For training and testing my regression models, I used datasets from a 2020 Google Cloud & NCAA ML Competition on Kaggle.com. These datasets include extensive historical data from D1 college basketball teams from 2003-2019 (366 teams and over 80,000 basketball games). Taken together, these datasets cover important player game performance metrics on each team, past tournaments, regular season results, etc. Given the nature of these datasets, there is no missingness. These performance metrics are as follows:

  • FGM - field goals made
  • FGA - field goals attempted
  • FGM3 - three pointers made
  • FGA3 - three pointers attempted
  • FTM - free throws made
  • FTA - free throws attempted
  • OR - offensive rebounds
  • DR - defensive rebounds
  • Ast - assists
  • TO - turnovers committed
  • Stl - steals
  • Blk - blocks
  • PF - personal fouls committed

The formal citation is as follows:

Kaggle.com “Google Cloud & NCAA® ML Competition 2020-Men’s Dataset” Available online at: https://www.kaggle.com/c/google-cloud-ncaa-march-madness-2020-division-1-mens-tournament/data

Data Cleaning

First, I started with the dataset containing detained regular season game results. Using this dataset, I calculated end of regular season average statistics for each team for each season. These statistics are all continuous variables. Below is a codebook defining and describing statistics I chose:

  • seed - Tournament Seed
  • win_pct - Win Percentage
  • pos - Possessions
  • opp_pos - Opponent Possessions
  • pace - Pace (Average Possessions Per Game)
  • efg_pct - Effective Field Goal Percentage
  • ts_percent - True Shooting Percent
  • r3P - 3-point Attempt Rate
  • or_pct - Offensive Rebounding Percentage
  • dr_pct - Defensive Rebounding Percentage
  • trb_pct - Total Rebound Percentage
  • ast_pct - Assist Percentage
  • stl_pct - Steal Percentage
  • to_pct - Turnover Percentage
  • blk_pct - Block Percentage
  • ftr - Free Throw Rate
  • ORtg - Offensive Rating
  • DRtg - Defensive Rating

Then, I took the historical tournament results and, for each tournament matchup, appended the first team’s regular season statistics, their opponents (team 2) regular season statistics, and the difference between each statistic. In addition, I created the reverse matchup for each game, resulting in the data frame outlined below:

Win Team_1 Team_2 Team_1_Regular_Season_Stats Team_2_Regular_Season_Stats Stats_Differential
1 Team A Team B Team A regular season stats. . . Team B regular season stats. . . Team A - Team B stats. . .
0 Team B Team A Team B regular season stats. . . Team A regular season stats. . . Team B - Team A stats. . .
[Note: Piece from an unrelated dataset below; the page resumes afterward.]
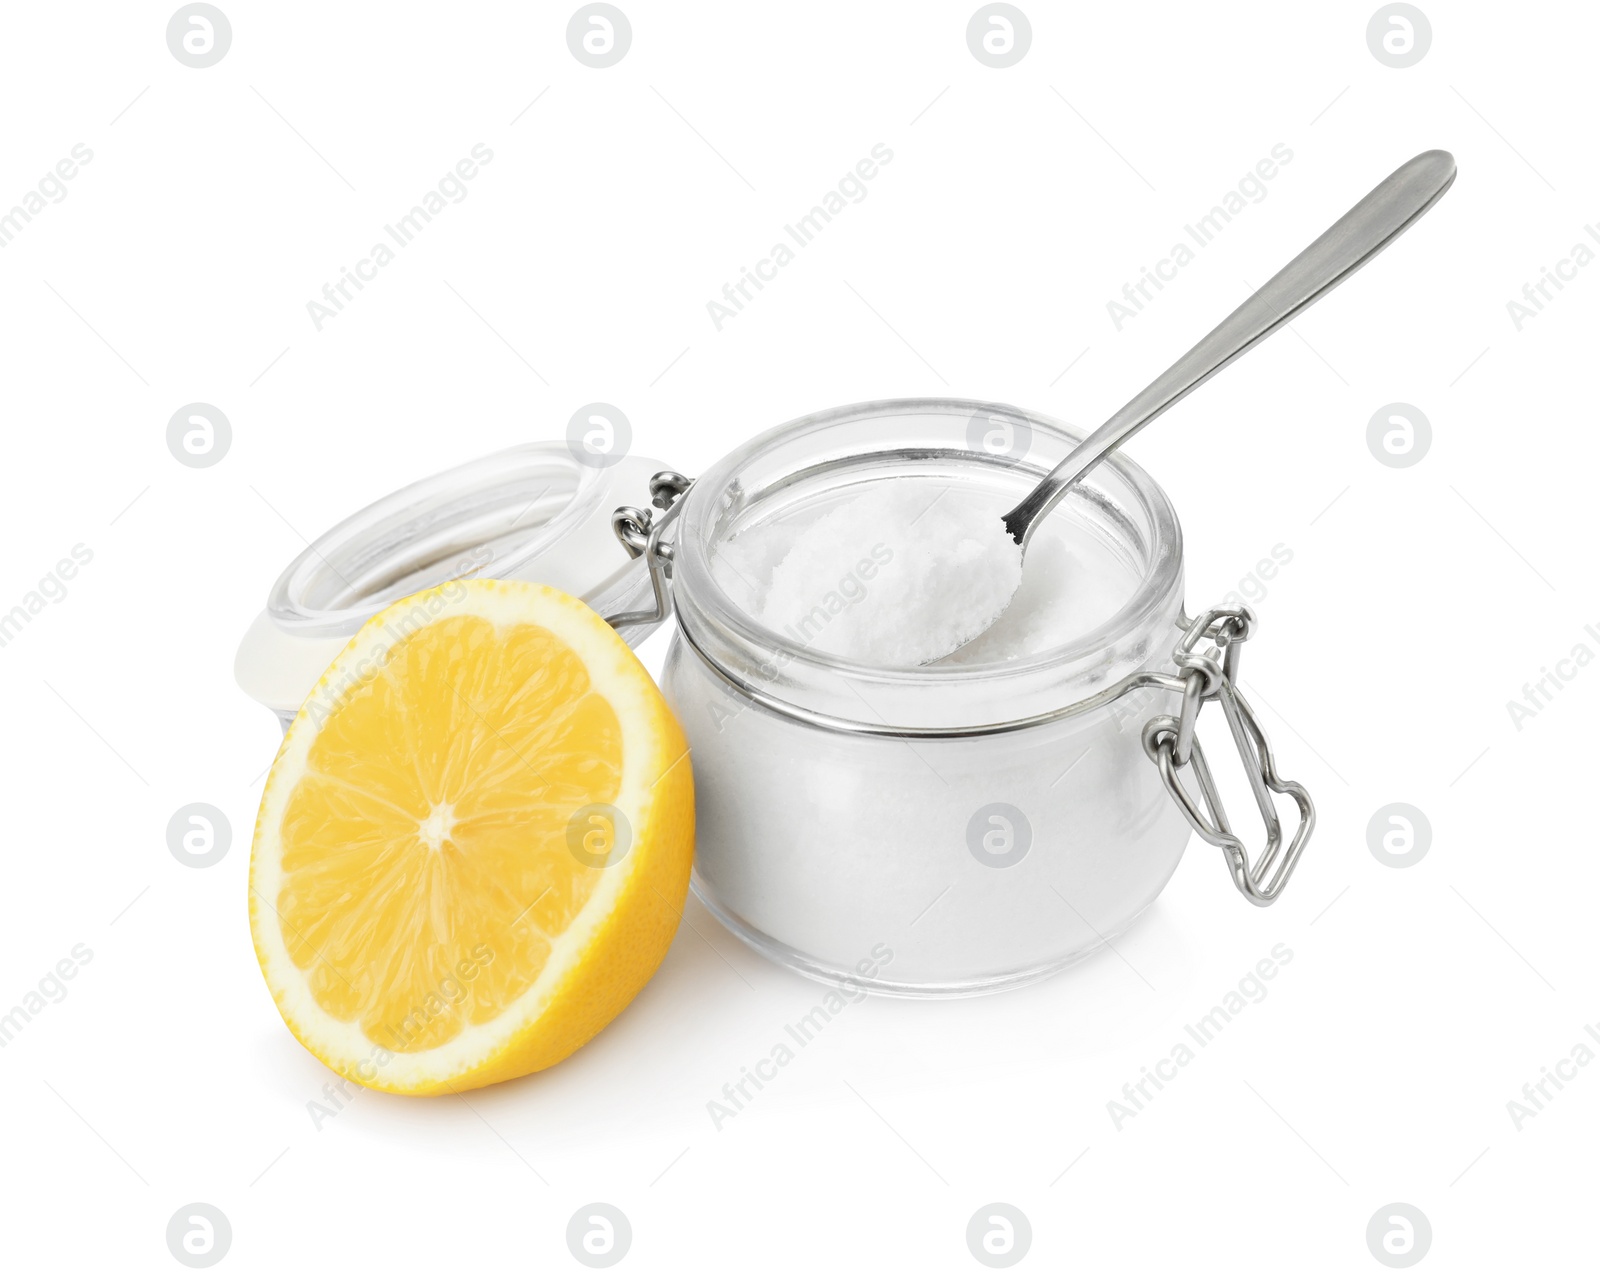 Photo of Baking soda and lemon on white background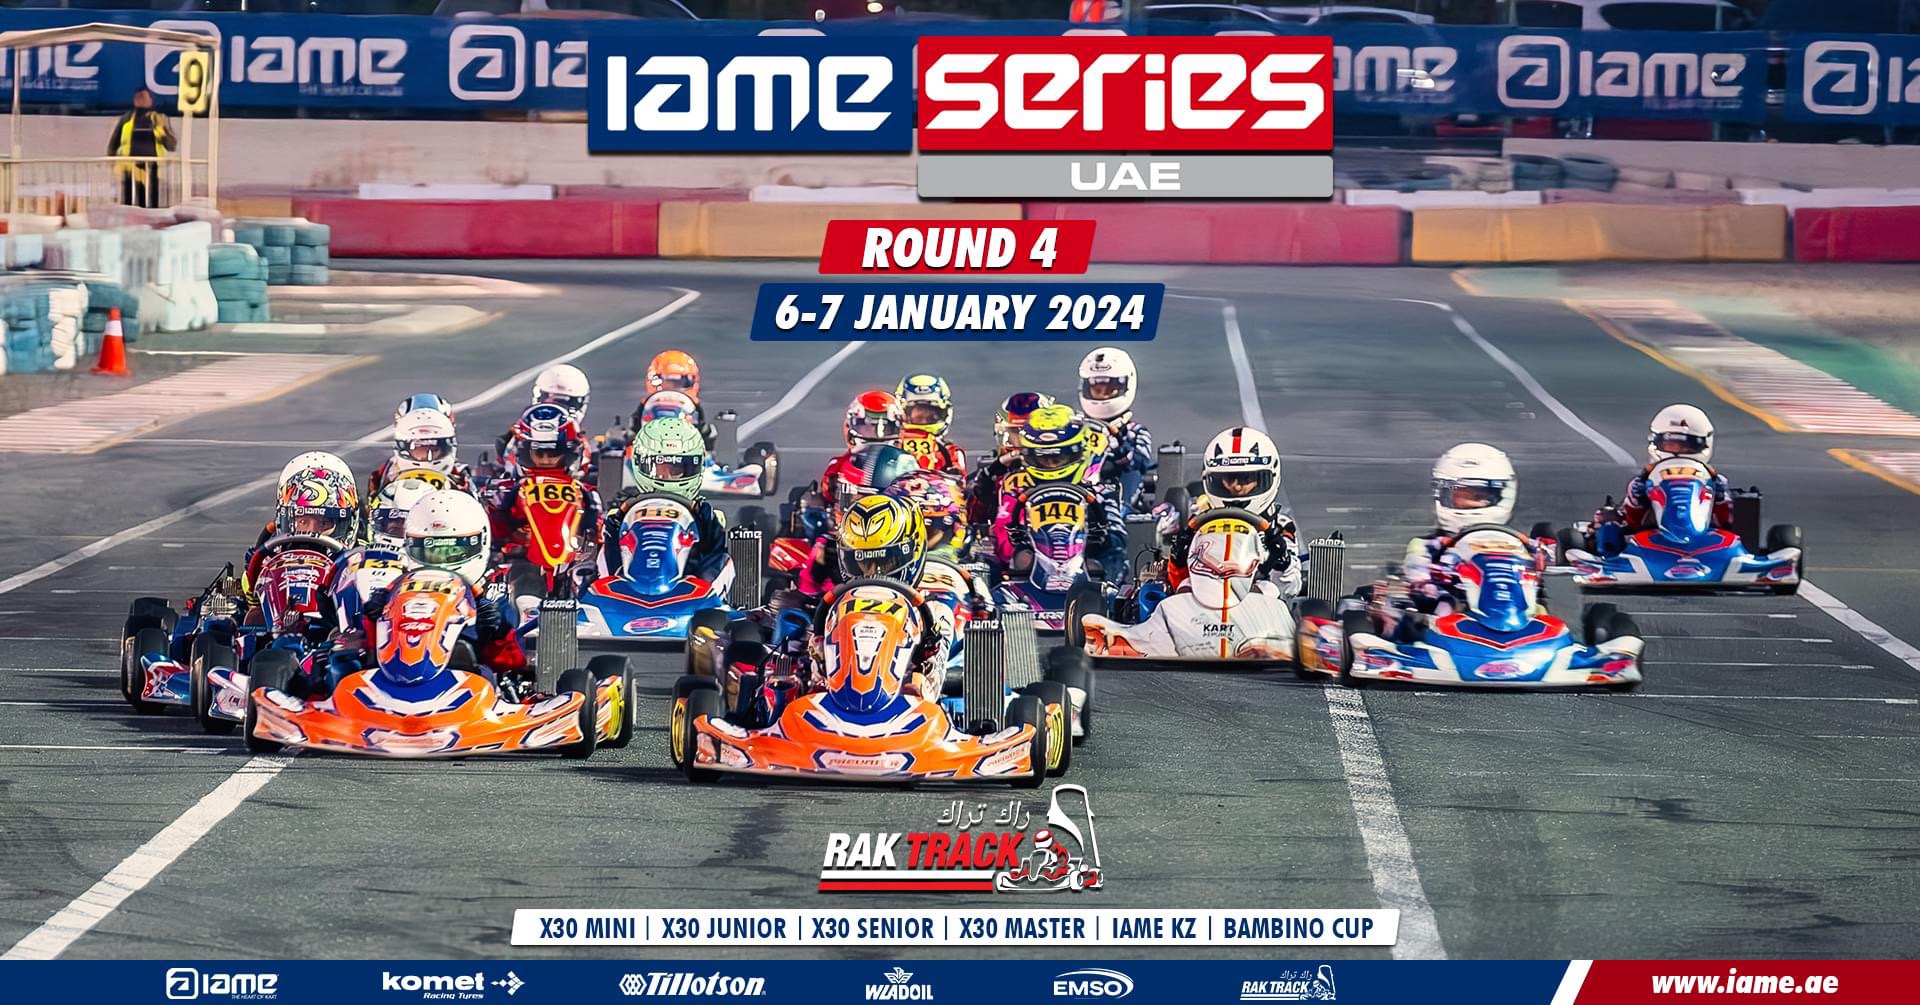 Thrills on the Track: IAME Series UAE Round 4 at RAK Track

Overall, my final cleaned dataset had 48 predictors with 2,230 observations. It is important to note that multicollinearity does exist where some of my predictor variables are correlated with each other. With this in mind, I took a deeper dive into resolving this issue in the Modeling Fitting section of this final report.

Data Splitting

For my project, I first split my cleaned data into one set with regular season statistics and another set with only the statistic differentials. Given that the statistic differentials are derived from regular season statistics, this dataset separation partially resolved the multicollinearity issues between these two sets of predictors.

In order to split each dataset into training and test datasets, I used two different resampling methods depending on the model I ran. Yes, it is more optimal to train and test each model using the same sampling method; however, I wanted to apply a variety of different resampling methods we learned in the class. In the first resampling method, I used a validation set approach where I set aside the 2019 season as a test set and used the 2003 - 2018 season as the training set. The second method I used was a 10-fold cross-validation approach - this approach involves randomly dividing the set of observations into 10 groups, or folds, of approximately equal size. The first fold is treated as a validation set, and the model is fit on the remaining 9 folds.


Model Fitting

Subset Selection Methods

First, I used tidyverse techniques and methods to develop linear models and conduct feature selection. Feature selection is advantageous because it: 1) Keep it Simple Stupid (KISS), 2) corrects multicollinearity issues, and 3) reduces overfitting. Feature selection can be accomplished via a couple different methods, mainly: Best Subset Selection, Forward Stepwise Selection, and Backward Stepwise Selection.

Best Subset Selection

Best subset selection is not optimal because there is large number of predictors in my dataset. As search space increases, the chance of finding models that fit the the training data well also increase. However, these models might not have any predictive power on future data! This method tends to lead to overfitting and high variance of the coefficient estimates. Instead, I used stepwise selection methods as they are much more restrictive and thus a more attractive alternative to best subset selection.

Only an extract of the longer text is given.